DavidHaintz opened this issue · 3 comments

Hi,

when executing the model on AWS Sagemaker, I get the following error:

PredictionException: Could not load model /.sagemaker/mms/models/stabilityai__stablelm-tuned-alpha-7b with any of the following classes: (<class 'transformers.models.auto.modeling_auto.AutoModelForCausalLM'>, <class 'transformers.models.gpt_neox.modeling_gpt_neox.GPTNeoXForCausalLM'>)

In the notebook AutoModelForCausalLM is used too.
Maybe the used transformers version 4.26 doesn't support StableLM.

Does anyone know the needed version of transformers?
Does anyone has experience with running StableLM on AWS Sagemaker?

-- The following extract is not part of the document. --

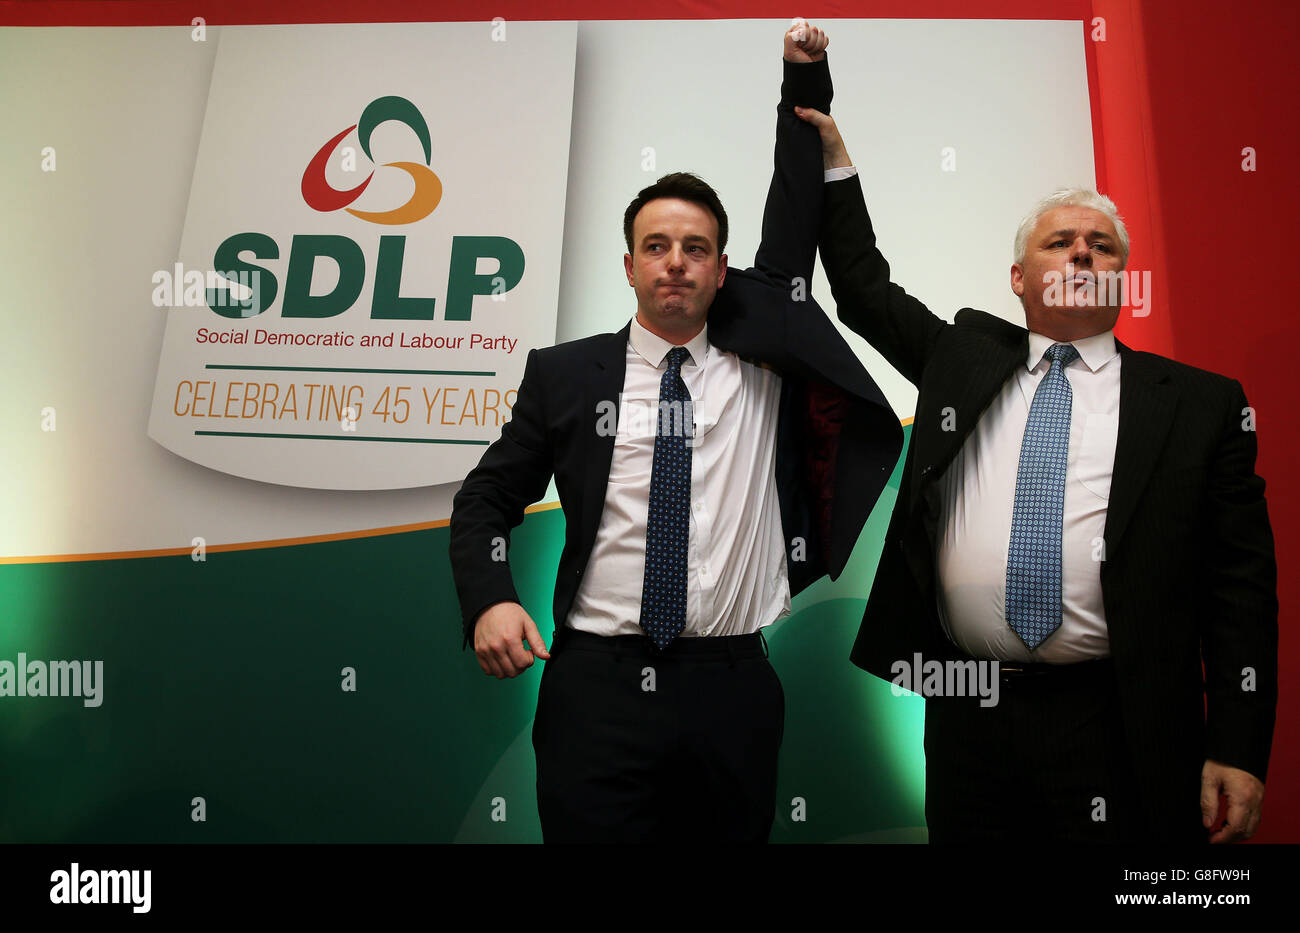 Colum Eastwood, membro dell'Assemblea di Foyle (sinistra), eletto come nuovo leader del Partito socialdemocratico e laburista (SDLP), con il neoeletto vice leader Fearghal McKinney (destra), presso l'Armagh City Hotel, Armagh. Foto Stock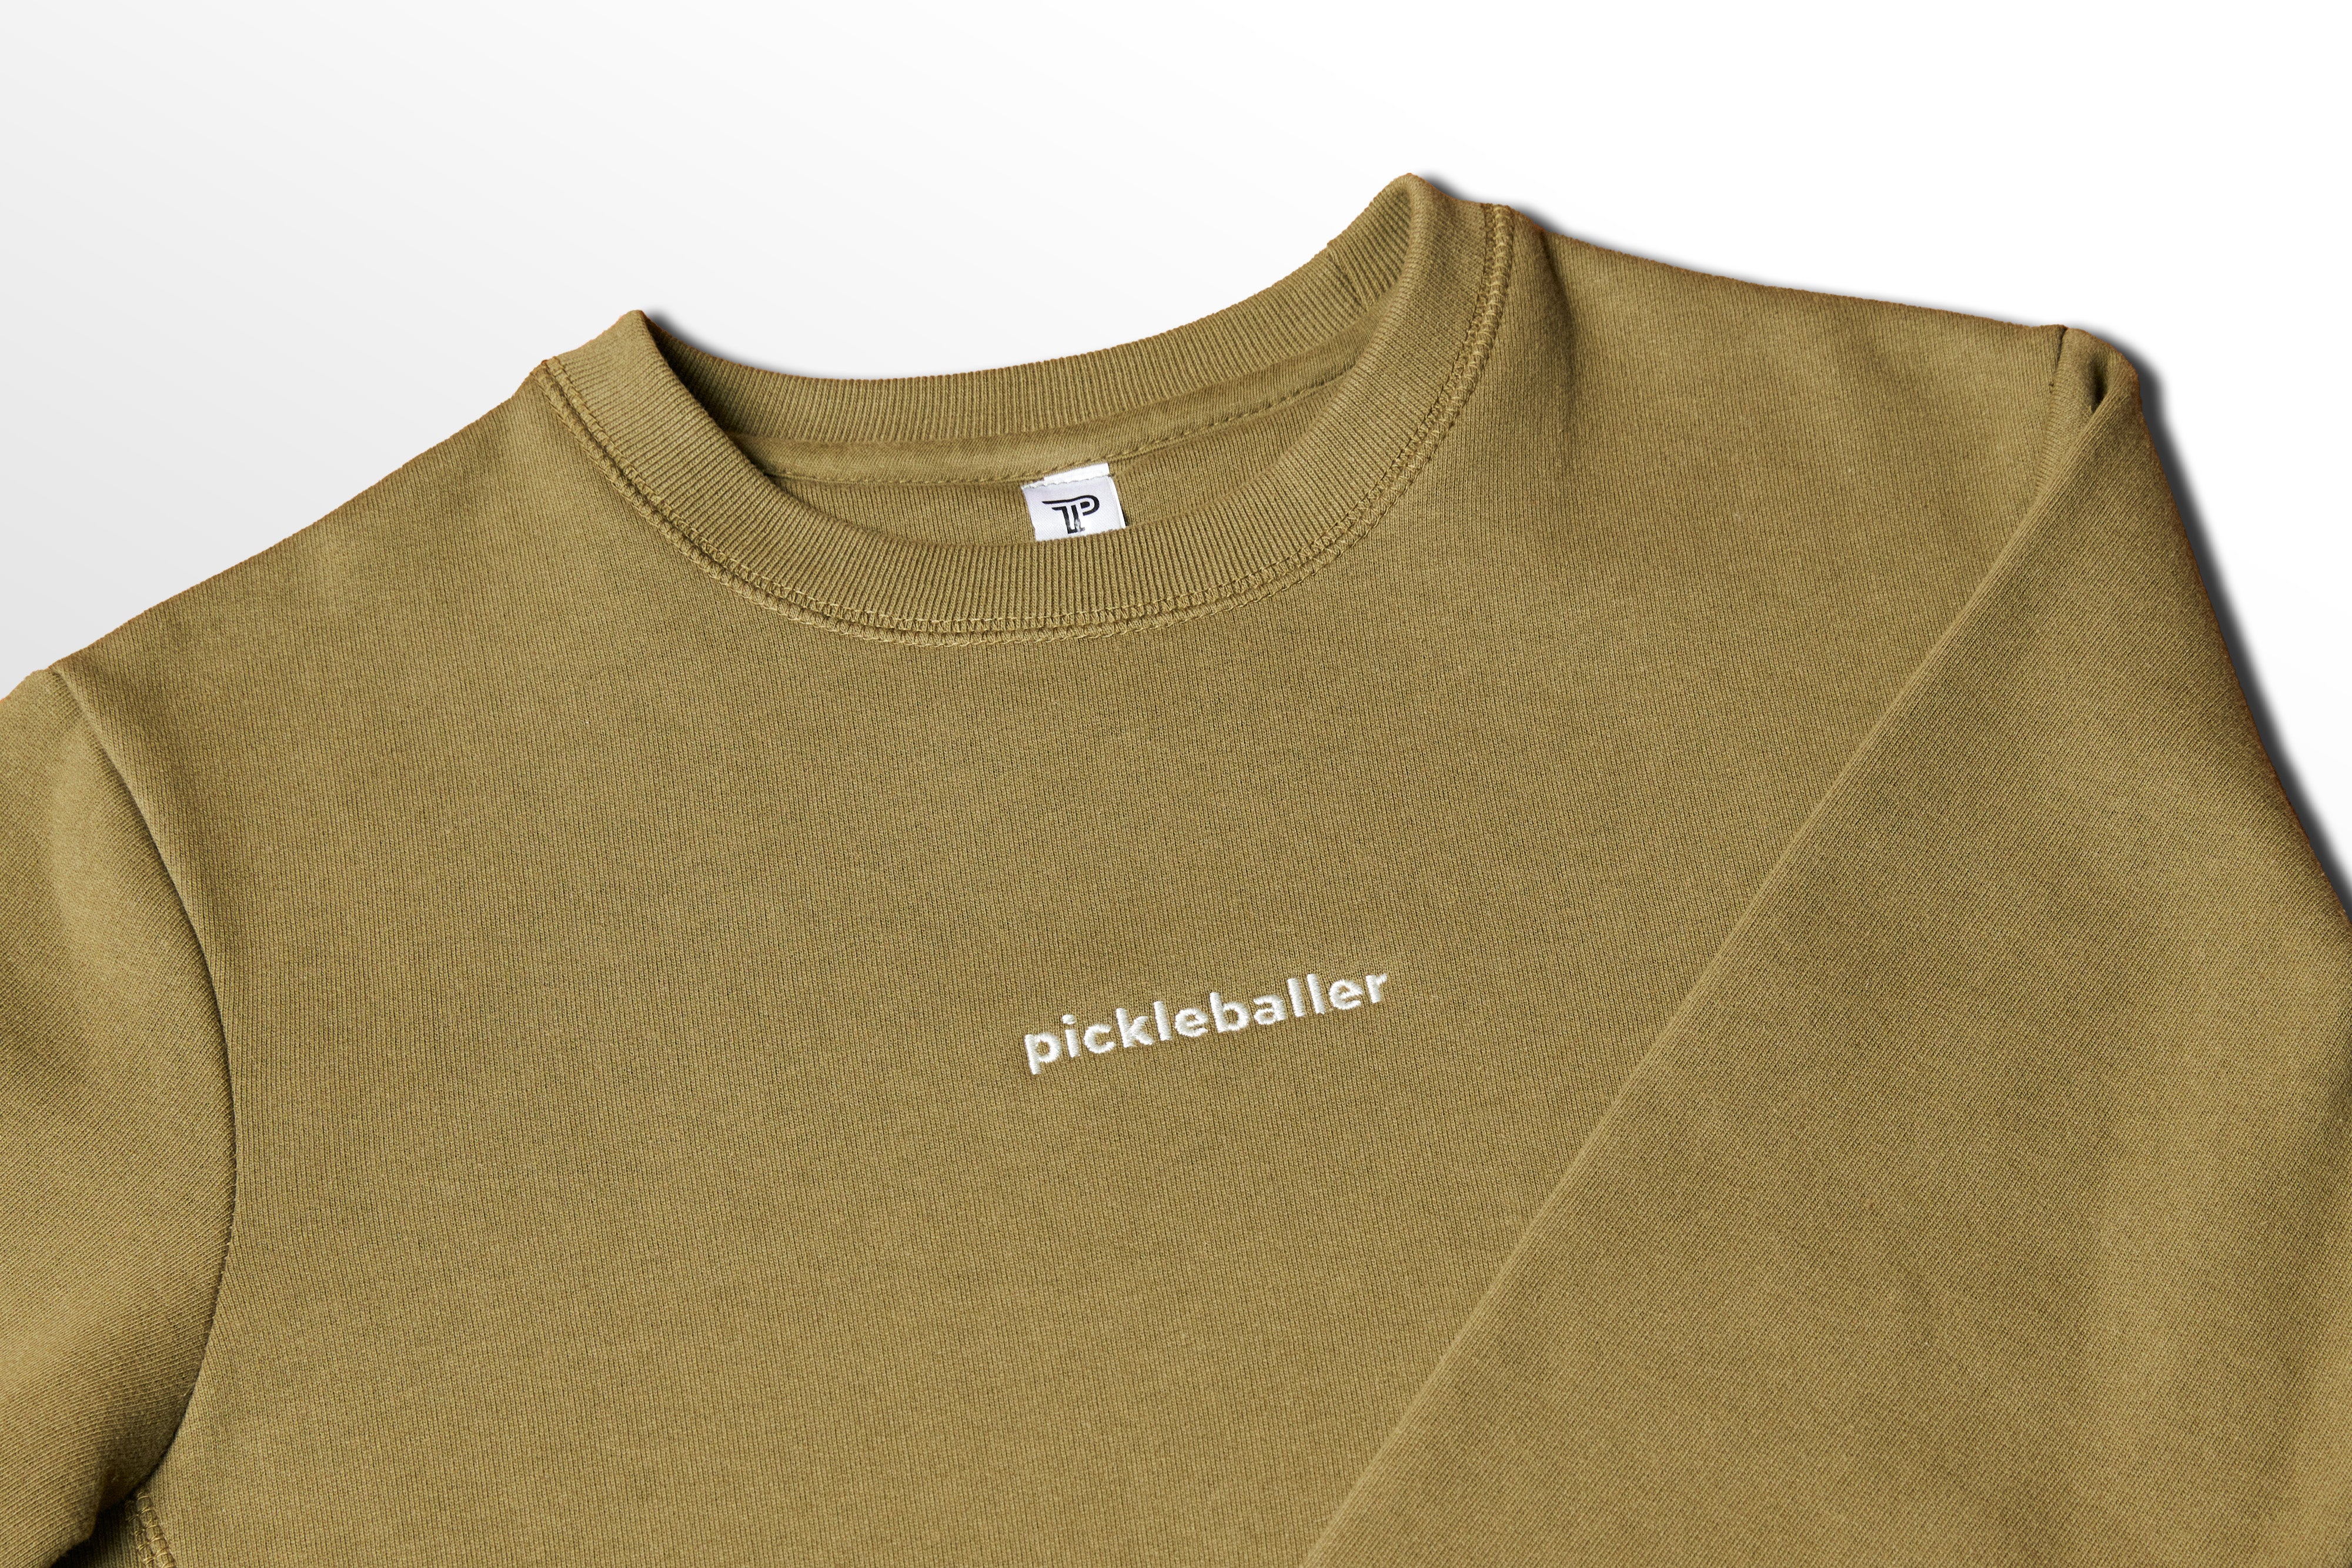 Embroidered Pickleballer Crewneck Unisex Sweatshirt

Code for recreating the issue:

from sagemaker.huggingface.model import HuggingFaceModel
hub = {
  'HF_MODEL_ID': 'stabilityai/stablelm-tuned-alpha-7b',
  'HF_TASK': 'text-generation'
}

huggingface_model = HuggingFaceModel(
   env=hub,
   role=role,
   transformers_version="4.26",
   pytorch_version="1.13",
   py_version='py39',
)

predictor = huggingface_model.deploy(
   initial_instance_count=1,
   instance_type="ml.g4dn.8xlarge"
)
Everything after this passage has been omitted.